I recommend against using these notes. Not because they’re KJV only, but because they’re filled with logical fallacies and you will lose credibility if you build your arguments this way. These notes do not keep Scripture in its proper context. They insert the KJV or the King’s English into the verse just because they want to. This is no different from the practices of Seventh Day Adventist, Jehovah’s Witnesses, or Mormons.

Please don’t misunderstand… this isn’t an anti-KJV-O post. Be KJV-O if you want, just don’t use arguments like these to support your beliefs. These arguments will make you lose credibility. My suggestion is to test every argument against logical fallacies. If it stands the test then it’s a good argument. These don’t stand the test. These notes are great for showing you how not to build an argument.

Like all study Bibles with commentary, I recommend that you do your own research. This edition does not include a bibliography or any references to support its claims to help you with further study.


There are 12 full-color maps on thick glossy paper. They show the location of Eden and the Red Sea crossing as if they’ve been found. I would have marked them as ‘possible locations’. The maps include topography, distance cities, water, routes, and Scripture references.

Maps include:

  1. Eden, Abrahamic Land Grant
  2. Time of the Patriarchs
  3. The Route of the Exodus
  4. The Route of the Promised Land
  5. General Locations of the Tribes of Israel
  6. The Kingdom of David
  7. Time of Christ Jesus
  8. Paul’s First Missionary Journey
  9. Paul’s Second Missionary Journey
  10. Paul’s Third Missionary Journey
  11. Paul’s Extradition Trip to Rome
  12. Seven Churches of Asia


The construction and materials is identical to Bibles from LCBP. If you like marking in those Bibles then you’ll like marking in this one. The Translator’s to the Reader and the translator’s footnotes are not included.

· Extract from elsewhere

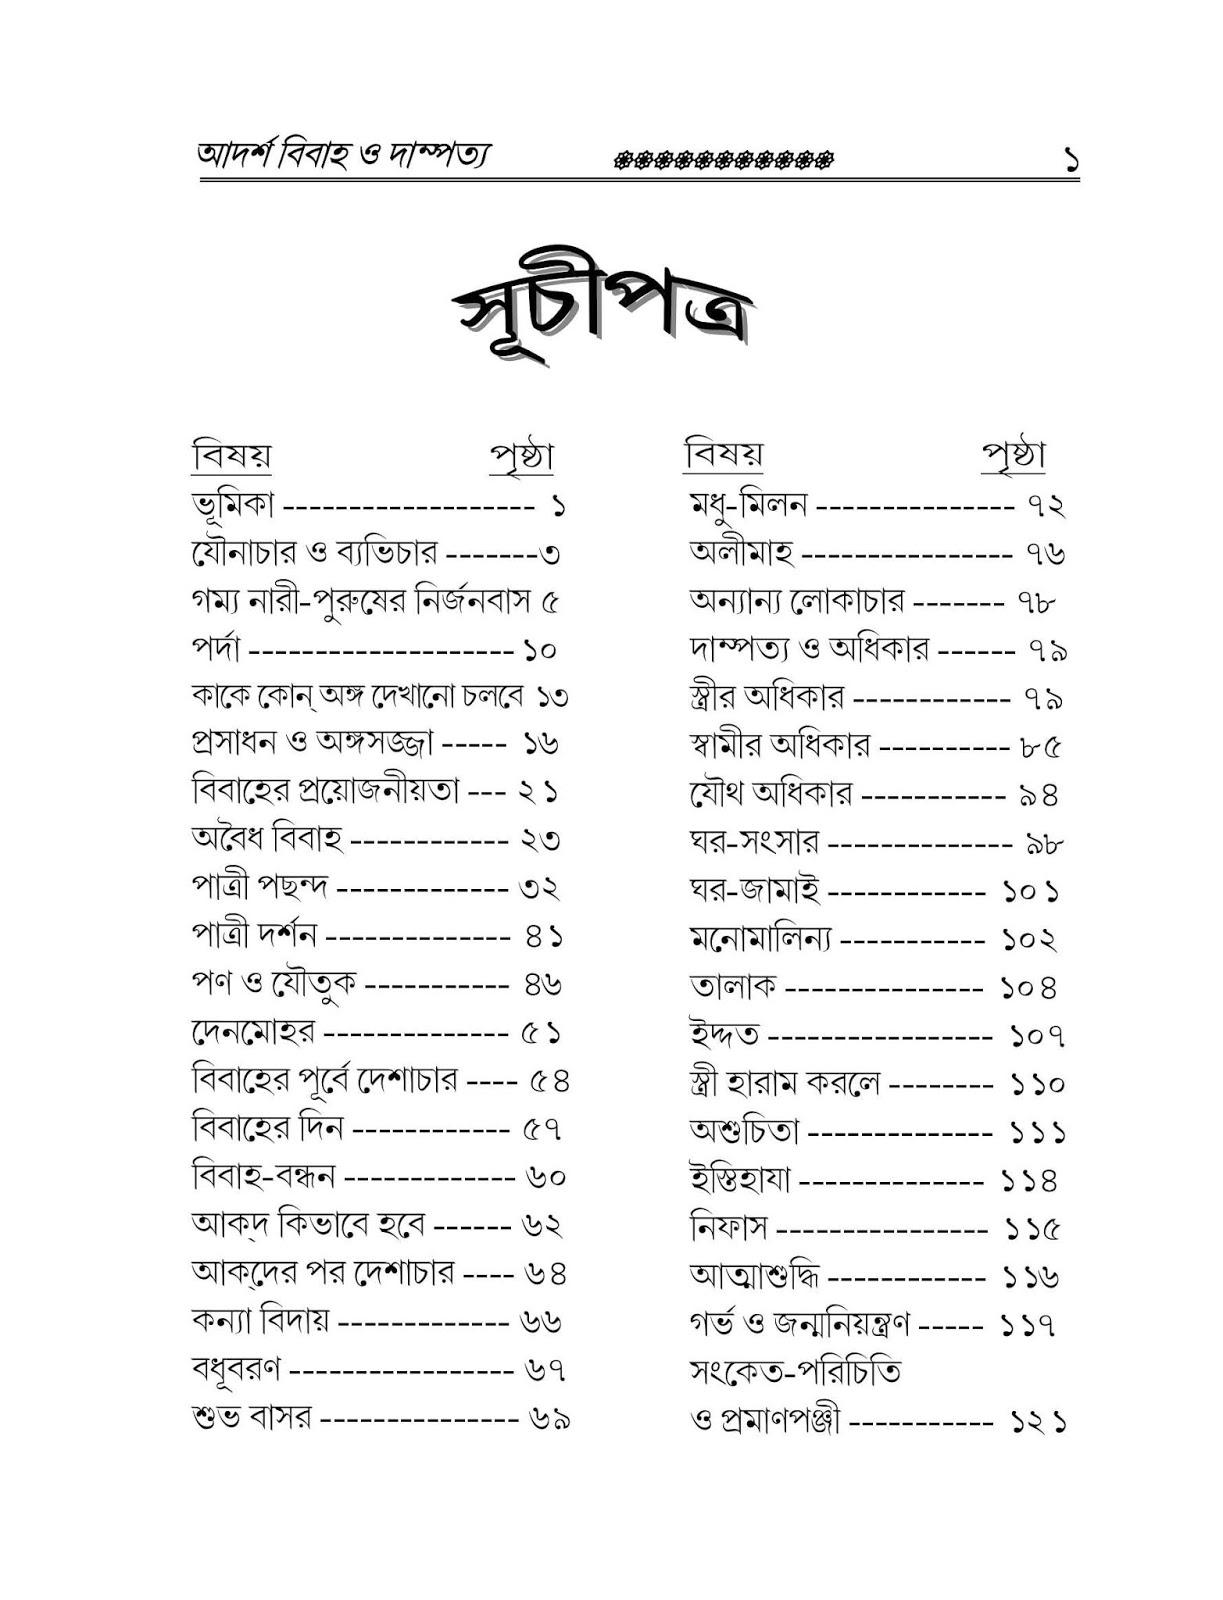 আদর্শ বিবাহ ও দাম্পত্য বই pdf |বিয়ে নিয়ে বই pdf | বিবাহ বই pdf

If you’re looking for a wide margin Bible with references I would steer you toward the Cambridge Concord or the Brevier Clarendon. They have far better paper, darker print, translator’s footnotes, ruled notebook paper for your own notes, index to notes, and index to maps. The Concord includes the Translator’s to the Reader and a concordance. Both have the advantage of having smaller Bibles that match he wide margin edition so you can have a combo. Another option is the LCBP Note Takers if you want large print text-only edition.

The logical fallacies, poor scholarship, and leaping assumptions in the notes keep me from recommending this Bible. If you’re looking for quality arguments to support your KJV-O view, this Bible won’t help you. If you find it at a good deal and you like LCBP’s paper and covers, then I recommend buying it and adding your own notes.